I've been fighting hard these last few months...harder than I've ever fought. I've been fighting to get it together. Fighting to keep it together the brief moments when I do.
I've been fighting to adjust, fighting to let go, fighting to catch up, fighting to transition. Fighting to please, fighting to find my place, fighting to somehow succeed in this painful mess.
I've been trying SO hard to get where and how I'm supposed to be, and at each failure to do so, my urgency and frustration grows...I white-knuckle another attempt, and another.
This has got to get normal, this new life. This has got to get home, this new one. I've got to get stronger, this unprecedented pathetic, weepy version, this has got to get easier.
I've been trying so hard that just the phrase Shelley texted last week totally sucked the air out of my lungs. Totally puzzled me to pieces.
Maybe try softer?
The idea came from a book she's-reading-now-I'm-reading, but just the idea of the title itself...of trying softer...has been gently but incessantly nudging me.
It's ALWAYS BEEN try harder.
Always. Every hurdle and heartbreak there has ever been, "try harder" has been there for me.
It has seen me through much, my relentless best efforts and unceasing "you can rest when you're dead" attitude.
But what if?
What if "try harder!" has become a stubborn stronghold of strength and success that is actually choking me out this impossible season? What if it has become an un-obtainable, un-healthy, un-Christlike model for my children? What if trying harder has actually become an idol in my life?
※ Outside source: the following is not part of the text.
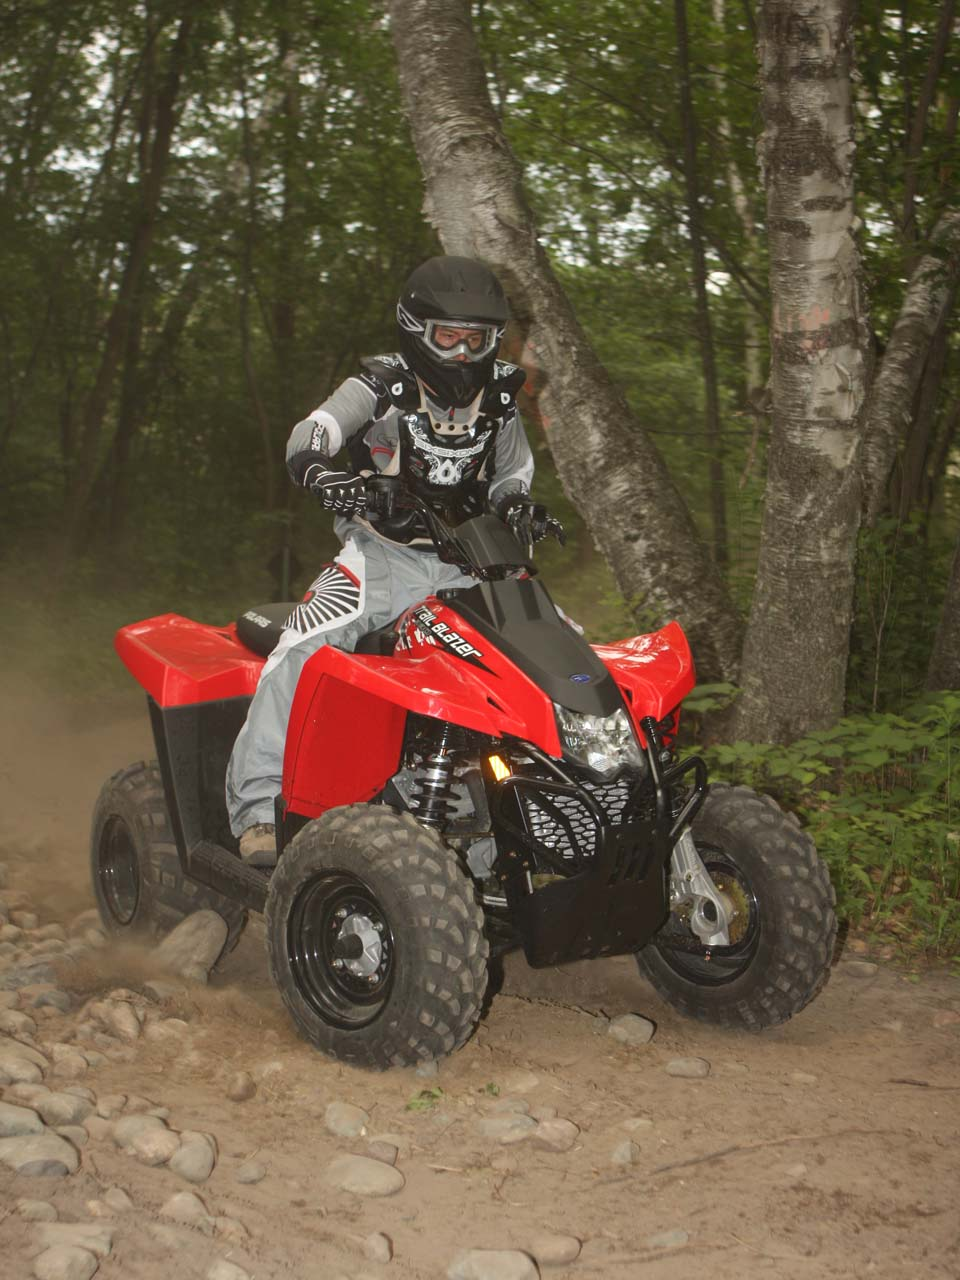 The Sporting Life - Mid-Sized Sport ATV Roundup | ATV

What if relying on my ability to get through any storm has kept me from living truly abandoned to the Storm-Stiller?
What if "in the middle" is NOT the same as "stuck in the middle"?
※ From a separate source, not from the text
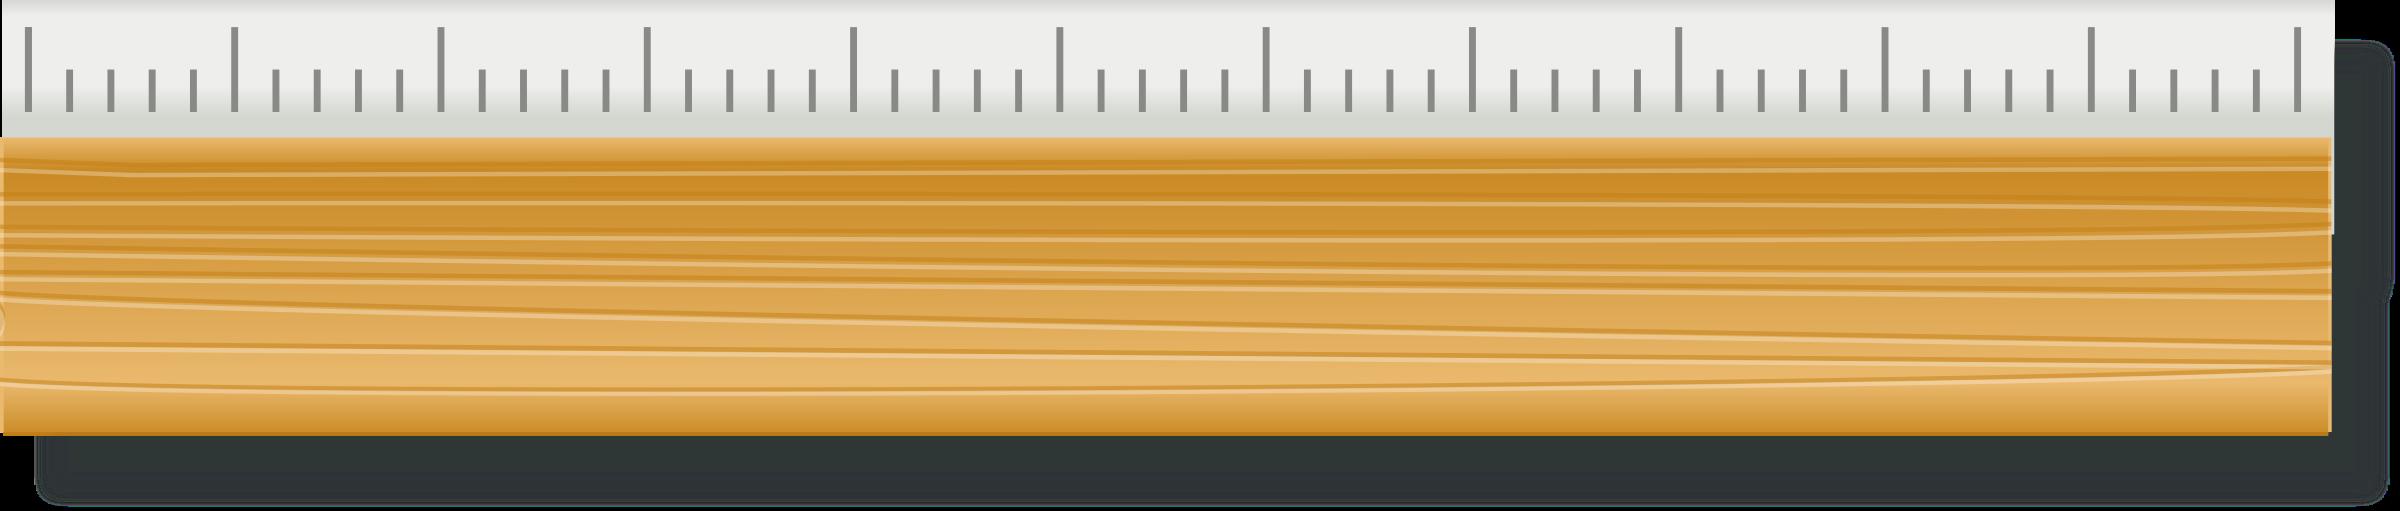 clipart ruler blank

What if I can cease striving to get to the other side of this, and just be here?
What if I'm not going to be a Missippian any more than I was going to be a Haitian, and just be the Christ-following foreigner I am going to always be?
What if I don't need to stop crying...as long as I don't stop praising? As long as I don't stop praying? As long as I don't stop clinging to the Truth of Who He Is?
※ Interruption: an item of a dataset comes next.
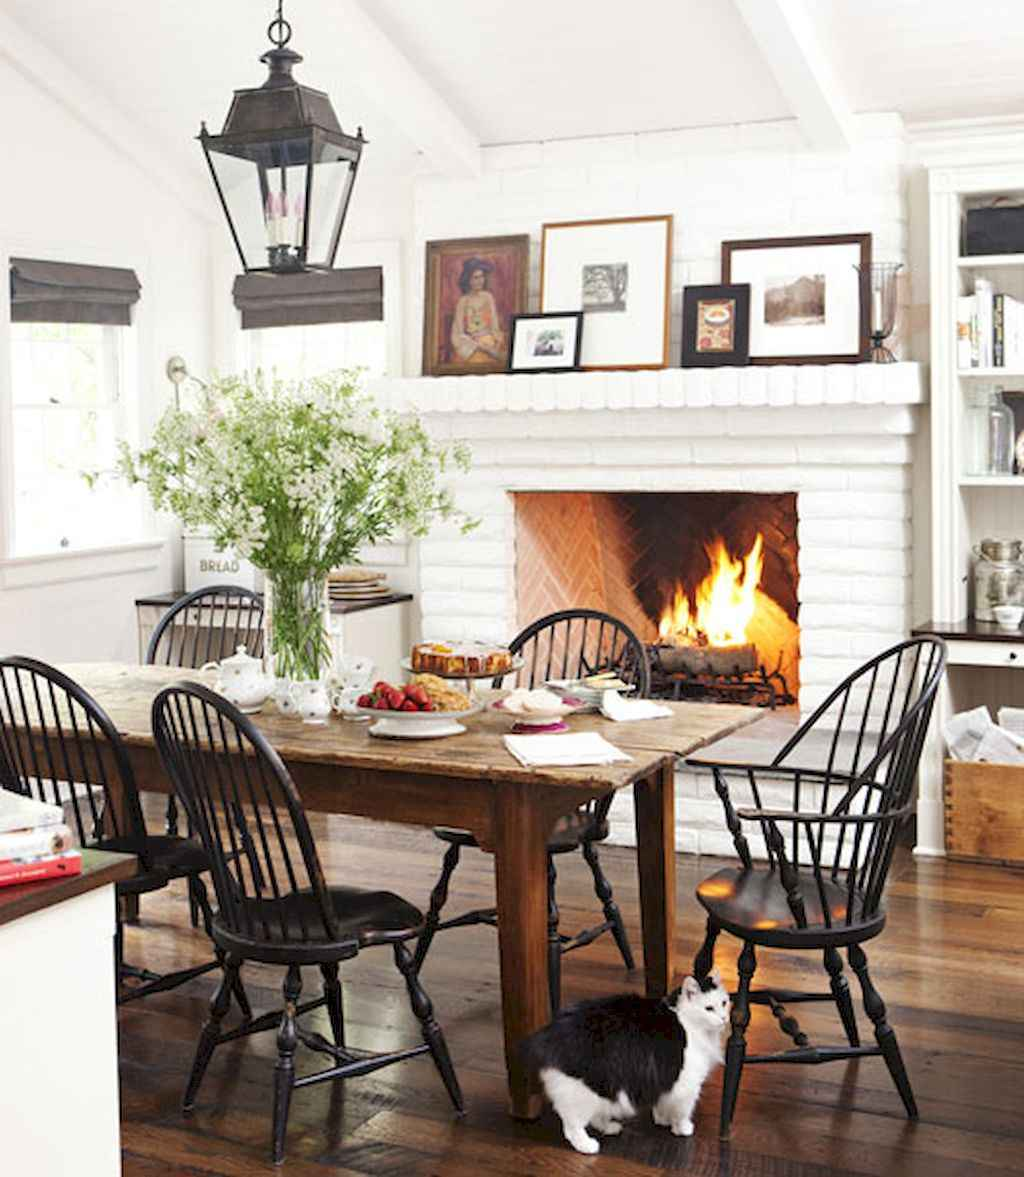 100 Rustic Farmhouse Dining Room Decor Ideas (32)

What if I am never going to fit in here...what if I am never going to feel at home this side...what if I am never going to get it all just right...what if I need help right now...what if I always will...what if I could allow for complicated...could allow for overwhelming...could allow for lonely...what if I could embrace His grace for ME...what if I could try softer?
We stood in the middle of a storm unfolding tonight, the kids thrilled by the whipping winds and the stirring sands and the lighting skies. As the sunset closed in, there was only a small strip of space between forever-ocean and forever-sky.
Can I allow myself to stop battling storms so hard and instead stay right there in that space...small between His power and His grace, eyes fixed in wonder on Him, totally open-handed over what in the world He is doing?
Can we take all these broken, broken things and stop trying so hard...living in the here and now WELL while still honoring and tending to the wounds? Can we live full of love and forgiveness and justice and peace, pointing to Him with every action, and surrender all the waves and clouds to He-Who-Is-Above-Them?
My whole life I've been trying SO hard to overcome the world, with all the best intentions, with His glory heavy on my heart.
But what if I could try softer, instead...and let Him?